:: Exercise aim ::
Records follow. Select each line holding "Blog".

:: Material provided ::

* * * * *

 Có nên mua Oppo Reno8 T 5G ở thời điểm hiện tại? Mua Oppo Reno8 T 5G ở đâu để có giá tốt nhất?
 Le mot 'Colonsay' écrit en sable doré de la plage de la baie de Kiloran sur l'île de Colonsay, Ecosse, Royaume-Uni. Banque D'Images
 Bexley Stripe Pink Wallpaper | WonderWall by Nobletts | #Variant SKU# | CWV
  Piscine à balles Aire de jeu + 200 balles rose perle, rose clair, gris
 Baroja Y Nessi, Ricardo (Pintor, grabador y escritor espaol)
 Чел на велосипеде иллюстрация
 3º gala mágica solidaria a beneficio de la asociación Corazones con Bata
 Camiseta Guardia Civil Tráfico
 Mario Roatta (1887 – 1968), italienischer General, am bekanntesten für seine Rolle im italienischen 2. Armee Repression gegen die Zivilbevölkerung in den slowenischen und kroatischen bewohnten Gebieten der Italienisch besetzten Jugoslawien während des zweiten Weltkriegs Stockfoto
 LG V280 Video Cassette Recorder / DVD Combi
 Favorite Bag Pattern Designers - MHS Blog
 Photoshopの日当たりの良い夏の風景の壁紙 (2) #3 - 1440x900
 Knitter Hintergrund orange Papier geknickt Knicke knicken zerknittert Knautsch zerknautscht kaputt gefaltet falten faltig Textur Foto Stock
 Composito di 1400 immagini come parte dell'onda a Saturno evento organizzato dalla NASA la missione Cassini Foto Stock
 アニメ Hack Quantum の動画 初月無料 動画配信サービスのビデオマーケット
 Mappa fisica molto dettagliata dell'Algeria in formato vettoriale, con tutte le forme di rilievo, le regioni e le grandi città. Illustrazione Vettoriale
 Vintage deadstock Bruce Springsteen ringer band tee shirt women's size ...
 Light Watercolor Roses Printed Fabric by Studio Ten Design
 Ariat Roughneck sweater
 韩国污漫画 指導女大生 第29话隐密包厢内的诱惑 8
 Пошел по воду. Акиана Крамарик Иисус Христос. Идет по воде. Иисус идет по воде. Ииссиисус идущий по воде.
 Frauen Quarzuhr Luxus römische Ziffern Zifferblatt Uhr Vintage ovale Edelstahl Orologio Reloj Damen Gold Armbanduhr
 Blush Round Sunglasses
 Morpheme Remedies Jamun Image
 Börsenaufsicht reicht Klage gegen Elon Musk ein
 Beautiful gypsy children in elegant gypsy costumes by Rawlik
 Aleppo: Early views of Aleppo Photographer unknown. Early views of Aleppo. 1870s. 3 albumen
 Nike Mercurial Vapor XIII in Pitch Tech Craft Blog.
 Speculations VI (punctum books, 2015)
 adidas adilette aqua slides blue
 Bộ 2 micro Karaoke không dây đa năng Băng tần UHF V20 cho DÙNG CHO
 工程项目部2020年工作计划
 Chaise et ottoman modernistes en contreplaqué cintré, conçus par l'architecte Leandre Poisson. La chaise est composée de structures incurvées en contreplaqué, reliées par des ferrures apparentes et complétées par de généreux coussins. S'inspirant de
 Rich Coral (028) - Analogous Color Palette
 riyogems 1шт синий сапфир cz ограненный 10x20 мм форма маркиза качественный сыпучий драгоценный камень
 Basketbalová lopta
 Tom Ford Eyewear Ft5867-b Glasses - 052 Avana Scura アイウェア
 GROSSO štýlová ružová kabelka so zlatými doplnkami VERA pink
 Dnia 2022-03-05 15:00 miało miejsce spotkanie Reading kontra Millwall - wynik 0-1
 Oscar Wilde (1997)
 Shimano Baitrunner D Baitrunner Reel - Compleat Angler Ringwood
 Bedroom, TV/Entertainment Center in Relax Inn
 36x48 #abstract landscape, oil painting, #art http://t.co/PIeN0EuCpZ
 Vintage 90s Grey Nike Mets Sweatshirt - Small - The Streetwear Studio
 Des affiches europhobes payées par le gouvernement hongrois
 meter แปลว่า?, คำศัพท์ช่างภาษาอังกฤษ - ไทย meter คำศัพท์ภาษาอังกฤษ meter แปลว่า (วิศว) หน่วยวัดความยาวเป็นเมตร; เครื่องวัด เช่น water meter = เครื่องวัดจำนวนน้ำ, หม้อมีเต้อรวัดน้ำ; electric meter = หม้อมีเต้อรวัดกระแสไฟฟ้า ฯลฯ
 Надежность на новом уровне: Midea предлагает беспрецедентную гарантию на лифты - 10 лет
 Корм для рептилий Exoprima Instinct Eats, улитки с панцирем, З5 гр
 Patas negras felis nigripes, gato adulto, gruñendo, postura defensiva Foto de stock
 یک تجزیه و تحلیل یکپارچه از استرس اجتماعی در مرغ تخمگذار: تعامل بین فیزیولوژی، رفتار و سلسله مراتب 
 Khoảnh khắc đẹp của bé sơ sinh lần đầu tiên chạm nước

* * * * *

:: Exercise solution ::
 Favorite Bag Pattern Designers - MHS Blog
 Nike Mercurial Vapor XIII in Pitch Tech Craft Blog.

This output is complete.